I assume seat belt location and way they are fitted to car will form part of any review. After my Oulton crash (car 92) somebody told me that belt mounting points are more important than frame mounting. If the frame breaks the belts should hold you, if the belt mounts fail then you have major problems however good the frame. Appreciate some belts attached to frames at all or some points so in those cases focus on the frame.
My seat was badly broken at Oulton and I suspect the hip harness may have been at the wrong angle, the hip belts according to manufacturer sites I have seen state that they should be mounted as close to the line of the leg and hip as practical & at an angle of 45-60 degrees. Moving the seat more centrally while using the cars original belt locations at the B pillar may not be best location for instance. The belt mount locations in Car 92 crash were all fine.

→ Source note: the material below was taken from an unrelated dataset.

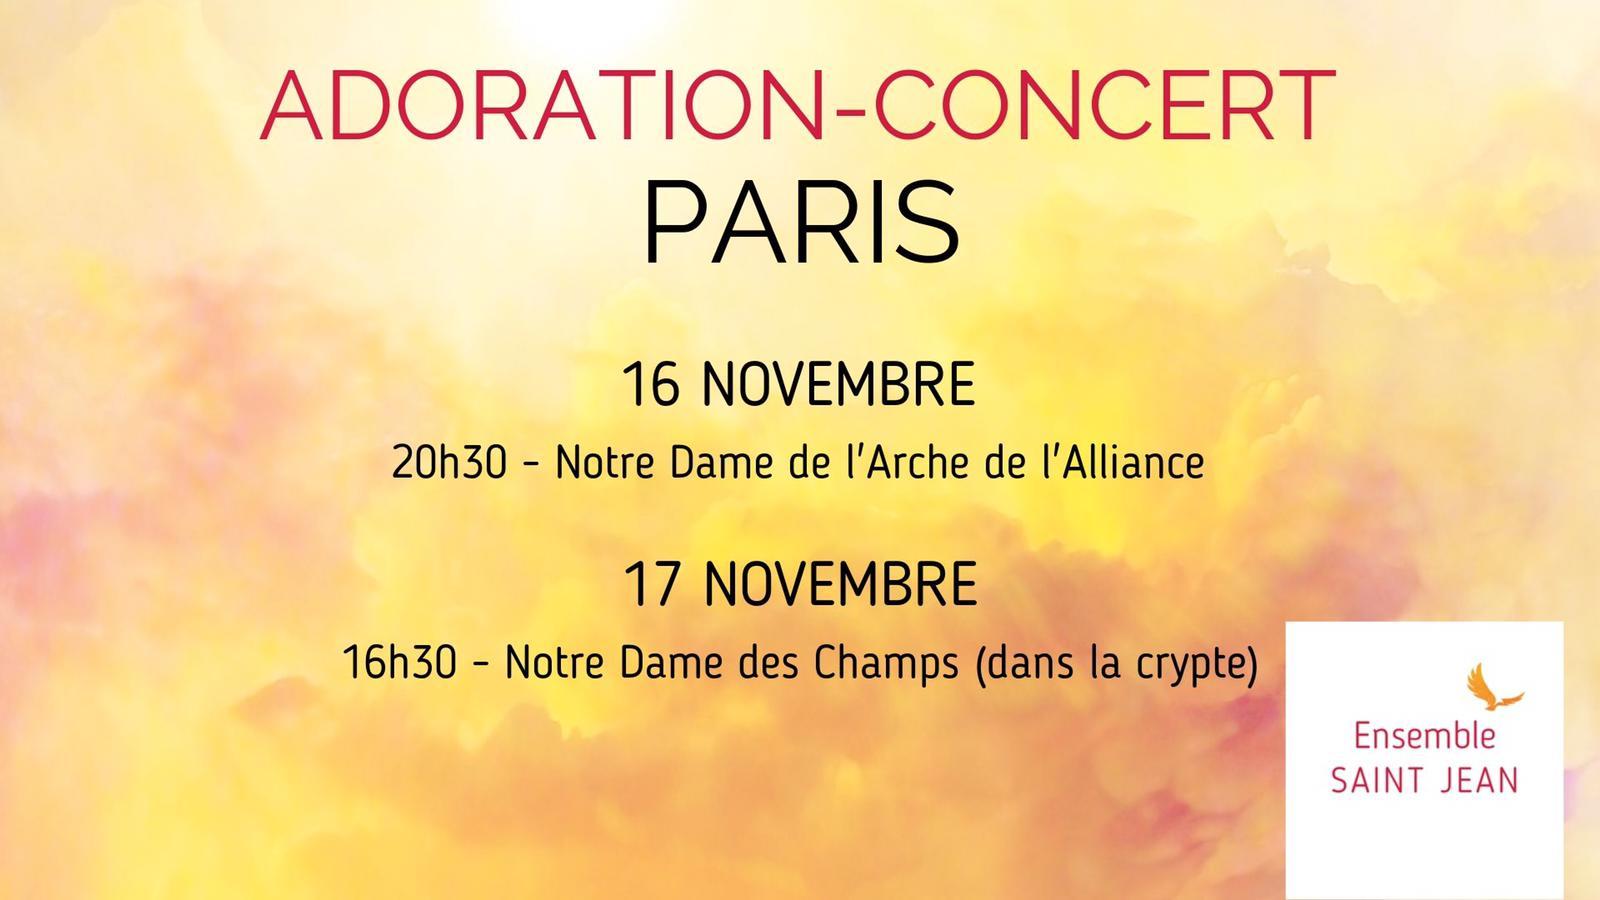 Adoration-Concert de l'Ensemble Saint Jean – 16 & 17 novembre 2019 à Paris

Not much of a frame either if you look at the photos but that did hold being attached to plates.
The seat uprights also were bent on Car 40 at Snet I noticed like mine above - so the 'frames' seem to hold better than the uprights in all these accidents, maybe its by design the uprights are meant to flex.
The seat was not very straight afterwards.
I agree with Wayne and Pete amongst others that the driver should for safety reasons be more central if possible. If Car 92 had been left hand drive I doubt I would be walking very well today.
Reading Chris and Louis's notes is I am going to look at adding tube between the vertical roll cage behind the B pillar and the rear cage legs to brace them.
Also at CSCC scrutinner this year with my hybrid car they wanted to see roll cage bar between the feet running forwards (below the hip bar).
After being hit at Spa in 2015, we were very happy to have no injured driver, although the shock was on a left-hand drive.
This is due to the very good quality of the metal chosen for our roll cage (it folded under the push of the left door)

But we are also lucky that the shock did not take place 50 cm higher.

Consequently, during the construction of our new 2CV, for 2018 Eco Class 24HR race, we'll slightly raise the horizontal bar to the left of the driver, increase the quality of the materials, and be extremely careful on the points of attachment to the chassis.